Reference Signs List 1 infrared ray, 2 infrared ray detecting element, 3 dewar, 4 optical system, 5 cooler, 6 housing, 7 support, 8 mirror,
9 infrared window, 10 objective lens, 11 lens holder,
12 lens shaft, 13 bearing L, 14 bearing M, 15
Mirror shaft, 16 drive unit L, 17 drive unit M, 18 link A, 19 link B, 20 link C, 21 link D, 22 screw A, 23 screw B, 24 rotary joint, 25 motor, 26 bearing A, 27 bearing B, 2
9 mirror connection part, 30 rotation joint, 31 piezoelectric element part, 32 ball screw part, 33 drive part, 34 linear guide.

Claims (4)

[Claims] 1. An objective lens rotatably supported with respect to a base, a mirror having a reflecting surface for reflecting light condensed by the objective lens, and reflected light of the mirror held by the base. Imaging means for acquiring an image from a mirror, a link mechanism provided on the mirror opposite to the reflection surface and rotatably supporting the mirror with respect to the base, and the mirror being positioned at a predetermined position with the objective lens. And a motor for driving the link mechanism. 2. An objective lens, a lens holder that holds the objective lens and is rotatably supported with respect to a base, and a first driving unit that rotates the lens holder.

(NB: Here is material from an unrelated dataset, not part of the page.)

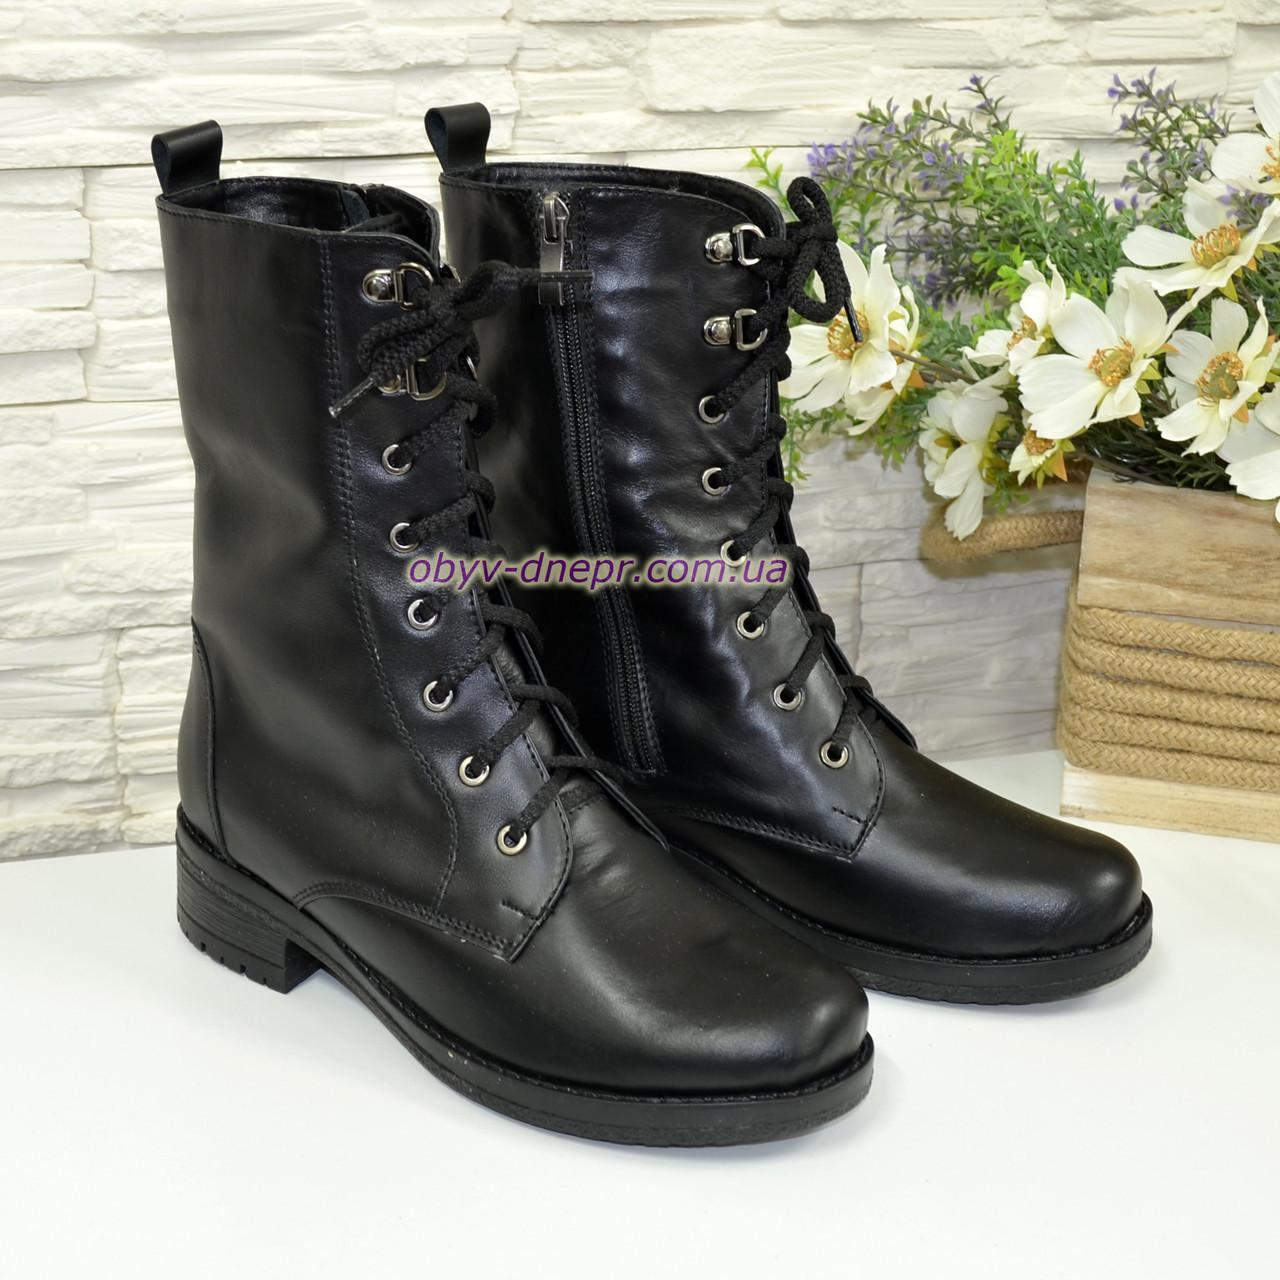 Стильные кожаные демисезонные ботинки на низком ходу, на шнурках
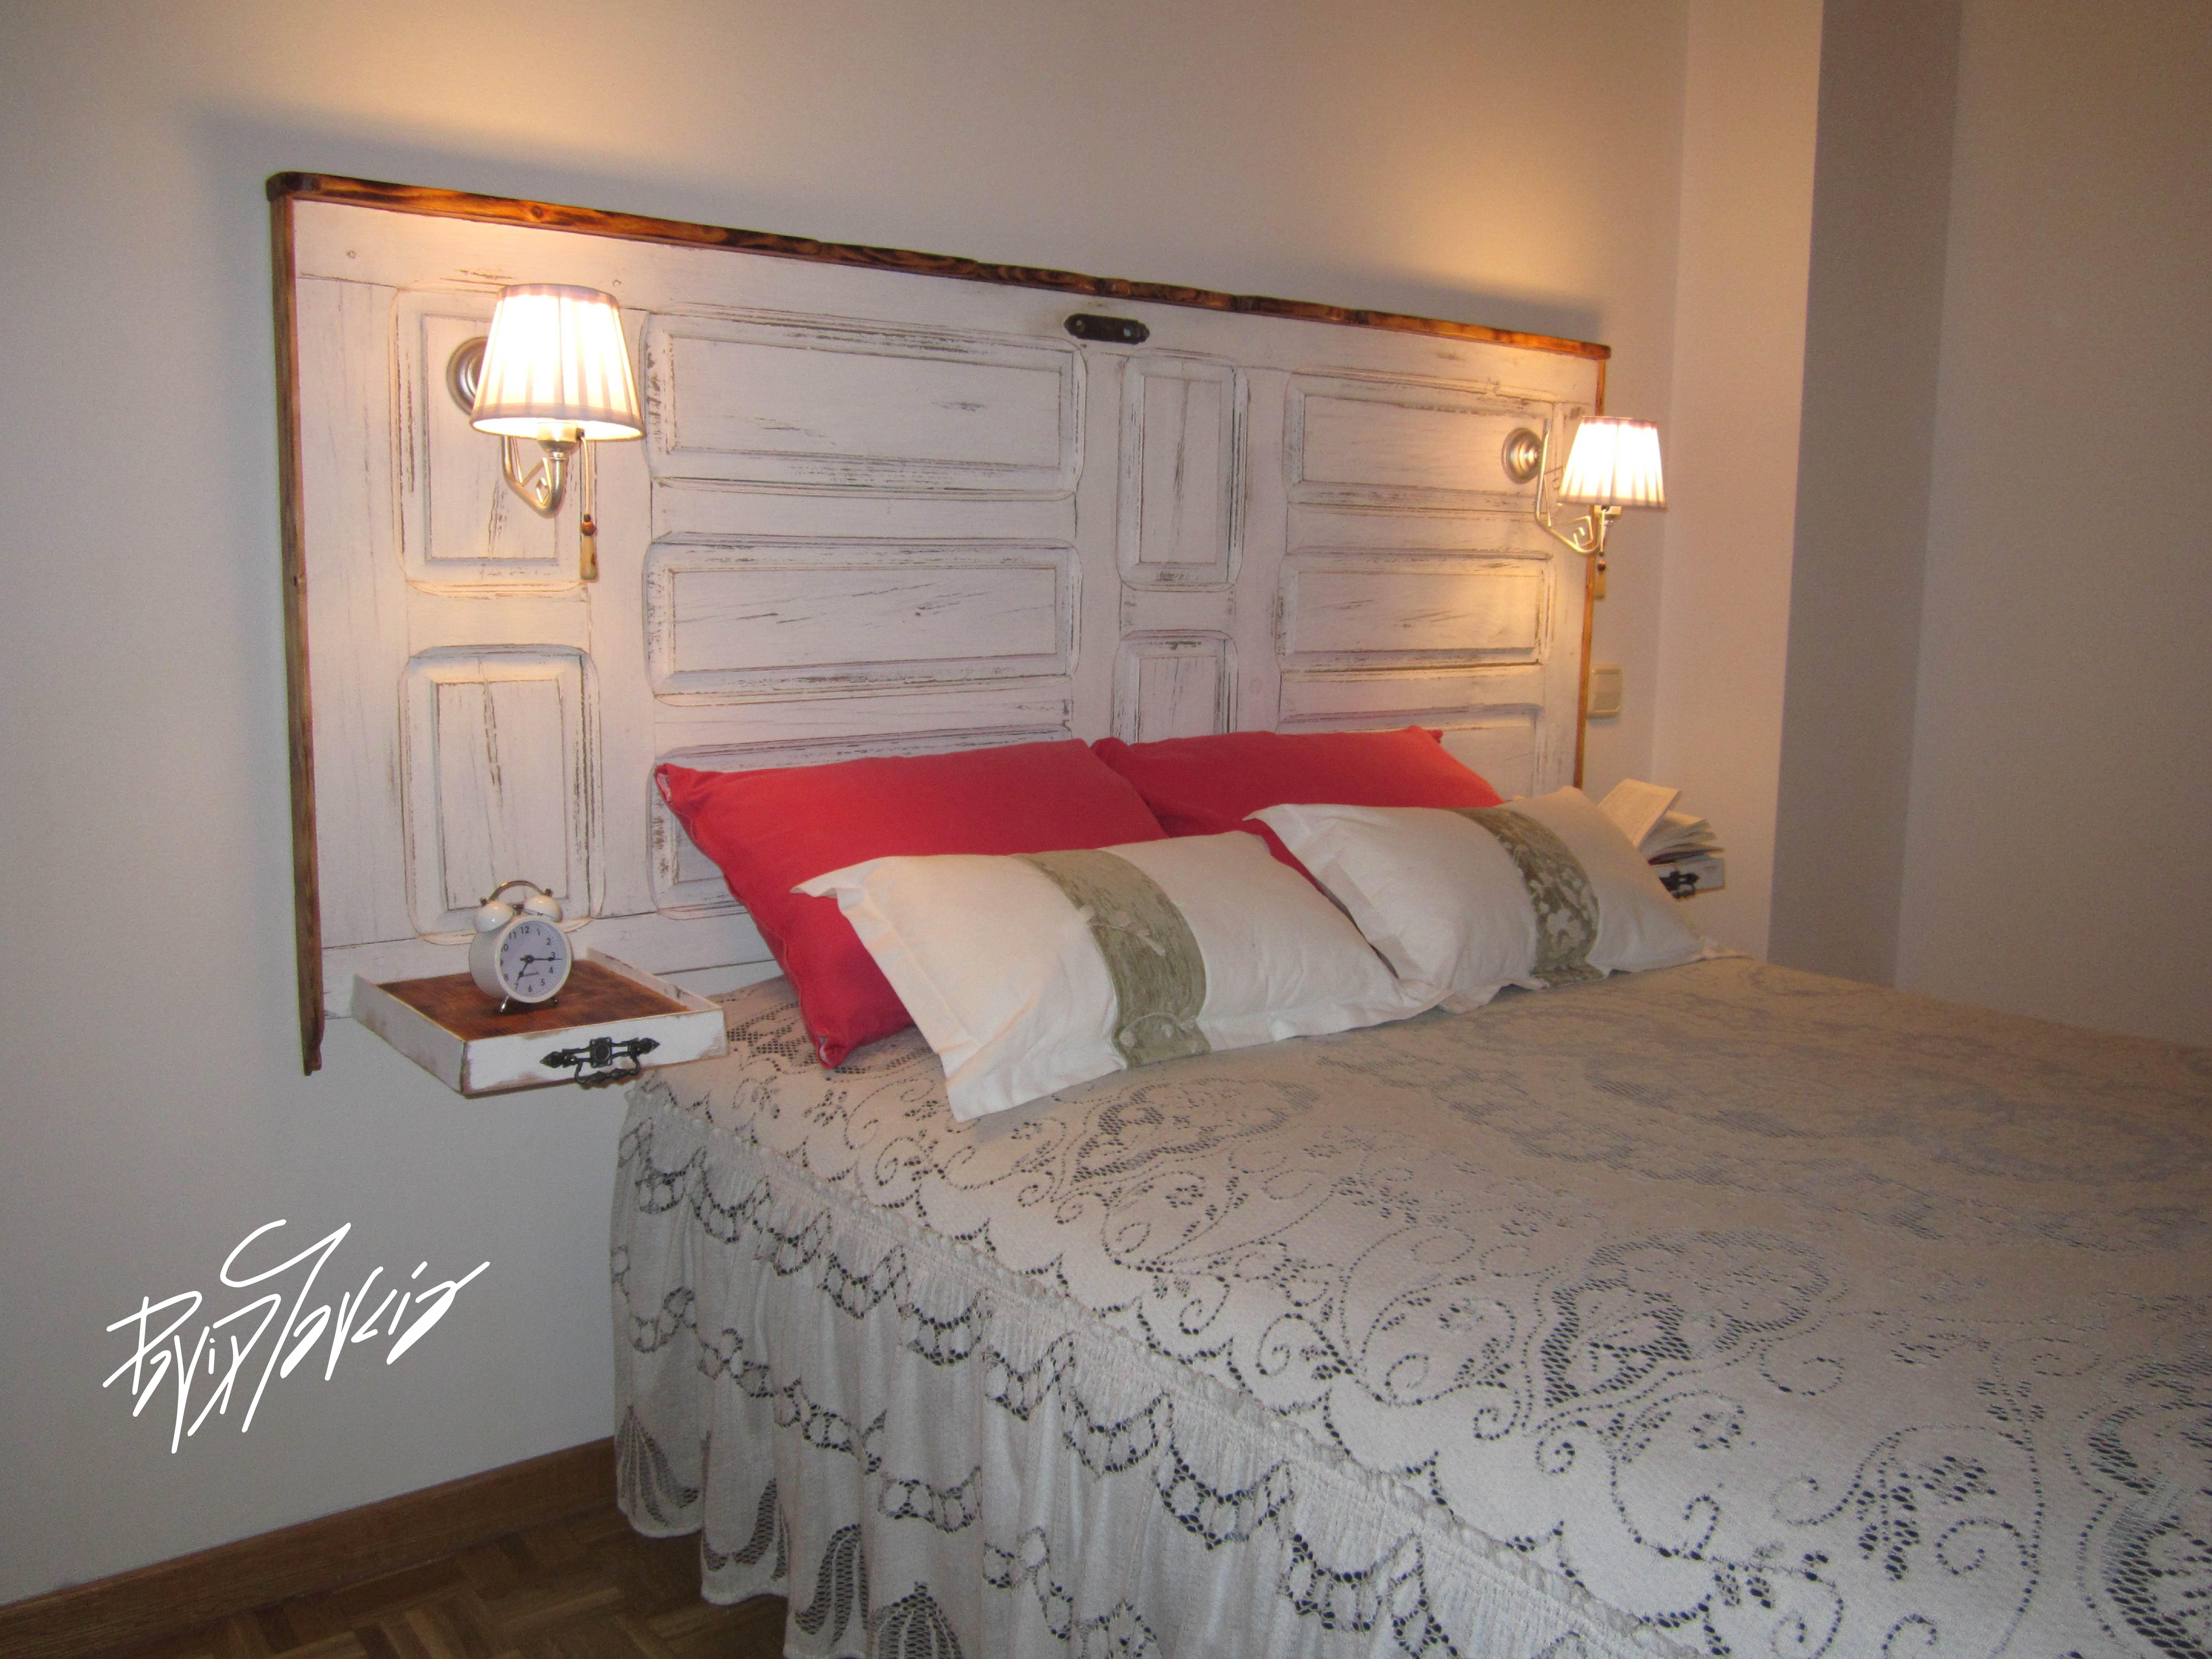 Decoraci n rustica rom ntica y fresca - Modelos de cabeceros de cama ...

A motor, a mirror having a reflection surface that reflects light collected by the objective lens, an imaging unit that is held by the base, and acquires an image from light reflected by the mirror, and an imaging unit that reflects the reflection surface of the mirror. Two link mechanisms for supporting opposite sides at different positions, a screw for expanding and contracting the link mechanism rotatably supported with respect to the lens holder, and one end of the screw, wherein the mirror is provided with the objective lens A second motor for rotating a screw so as to have a rotation angle substantially equal to 1/2 of the rotation angle of the objective lens, and a rotation center axis of the objective lens and a rotation center axis of the mirror are substantially coincident with each other. Imaging device. 3. The means for expanding and contracting the link,
The imaging device according to claim 2, wherein the imaging device is a piezoelectric element. 4. The means for expanding and contracting the link,
3. The imaging apparatus according to claim 2, comprising a ball screw and a motor driving the ball screw to rotate.